No, it's not so that any anon_vma user would have done the
smp_read_barrier_depends() placed in anon_vma_prepare().

Anyone faulting in a page would have done it (swapoff? that
assumes it's been done, let's not worry about it right now).

But they're doing it to make the page's ptes accessible to
memory reclaim, and the CPU doing memory reclaim will not
(unless by coincidence) have done that anon_vma_prepare() -
it's just reading the links which the faulters are providing.

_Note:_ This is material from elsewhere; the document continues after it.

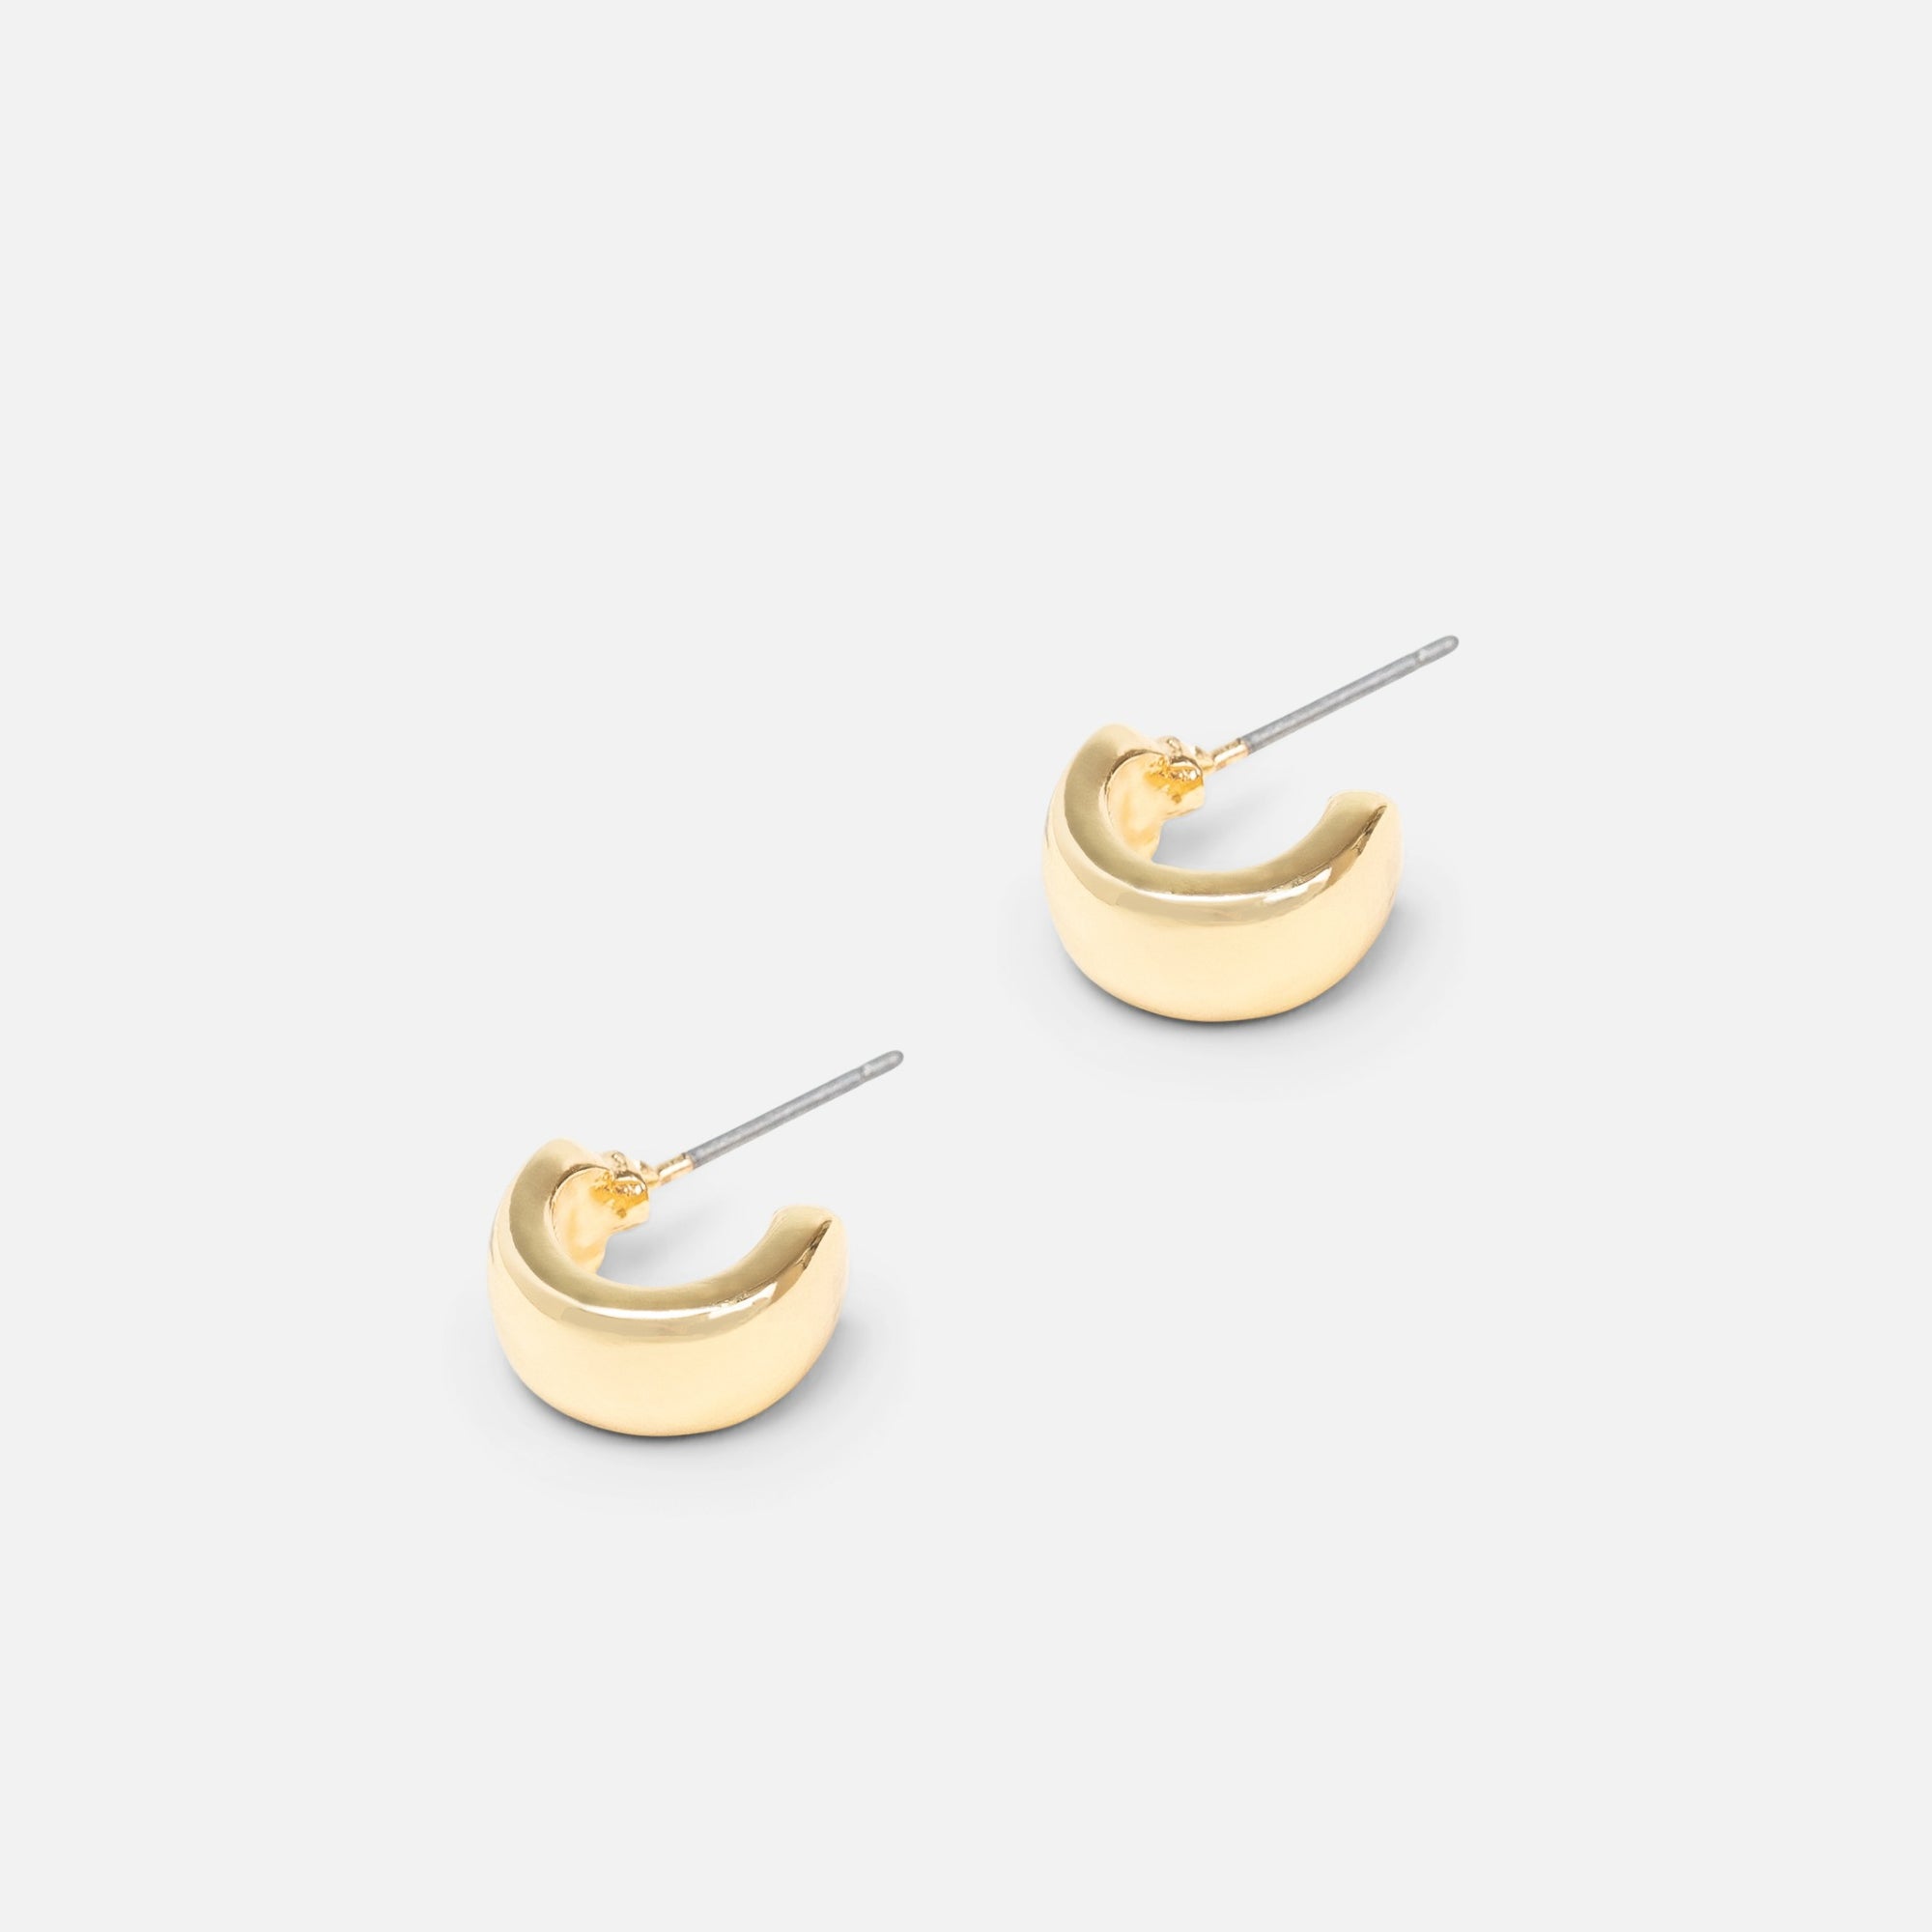 Ensembles de trois boucles d’oreilles anneaux dorés, argentés et grises

But I've given up thought for the night, will leave digesting
all you've written until morning, just wanted to point that
out before sleeping.

Hugh

> 
>    So putting it there is simpler and gives better guarantees, and pairs 
>    up the barriers better.
> 
>  - Now, "simpler" (etc) is no help if it doesn't work, so now I have to 
>    convince you that it's _sufficient_ to do that "read_barrier_depends()" 
>    early, even if we then end up re-doing the first read and thus the 
>    "depends" part doesn't work any more. So "simpler" is all good, but not 
>    if it's incorrect.
> 
>    And I admit it, here my argument is one of implementation. The fact is, 
>    the only architecture where "read_barrier_depends()" exists at all as 
>    anything but a no-op is alpha, and there it's a full read barrier. On 
>    all other architectures, causality implies a read barrier anyway, so 
>    for them, placement (or non-placement) of the smp_read_barrier_depends 
>    is a total non-issue.
> 
>    And so, since on the only architecture where it could possibly matter, 
>    that _depends thing turns into a full read barrier, and since 
>    "anon_vma" is actually stable since written, and since the only 
>    ordering constrain is that initial ordering of seeing the "anon_vma" 
>    turn non-NULL, you may as well think of that "read_barrier_depends()" 
>    as a full read barrier between the _original_ read of the anon_vma 
>    pointer and then the read of the lock data we want to protect.
> 
>    Which it is, on alpha. And that is sufficient. IOW, think of it as a 
>    real read_barrier(), with no dependency thing, but that only happens 
>    when an architecture doesn't already guarantee the causality barrier.
> 
>    And once you think of it as a "smp_rmb() for alpha", you realize that 
>    it's perfectly ok for it to be where it is.
> 
> Anyway, lockless is bad. It would certainly be a *lot* simpler to just 
> take the page_table_lock around the whole thing, except I think we really 
> *really* don't want to do that. That thing is solidly in a couple of 
> *very* timing-critical routines. Doing another lock there is just not an 
> option.
> 
> 		Linus

Re: [patch] mm: fix anon_vma races

[Linus Torvalds]

On Sat, 18 Oct 2008, Hugh Dickins wrote:
> 
> But they're doing it to make the page's ptes accessible to
> memory reclaim, and the CPU doing memory reclaim will not
> (unless by coincidence) have done that anon_vma_prepare() -
> it's just reading the links which the faulters are providing.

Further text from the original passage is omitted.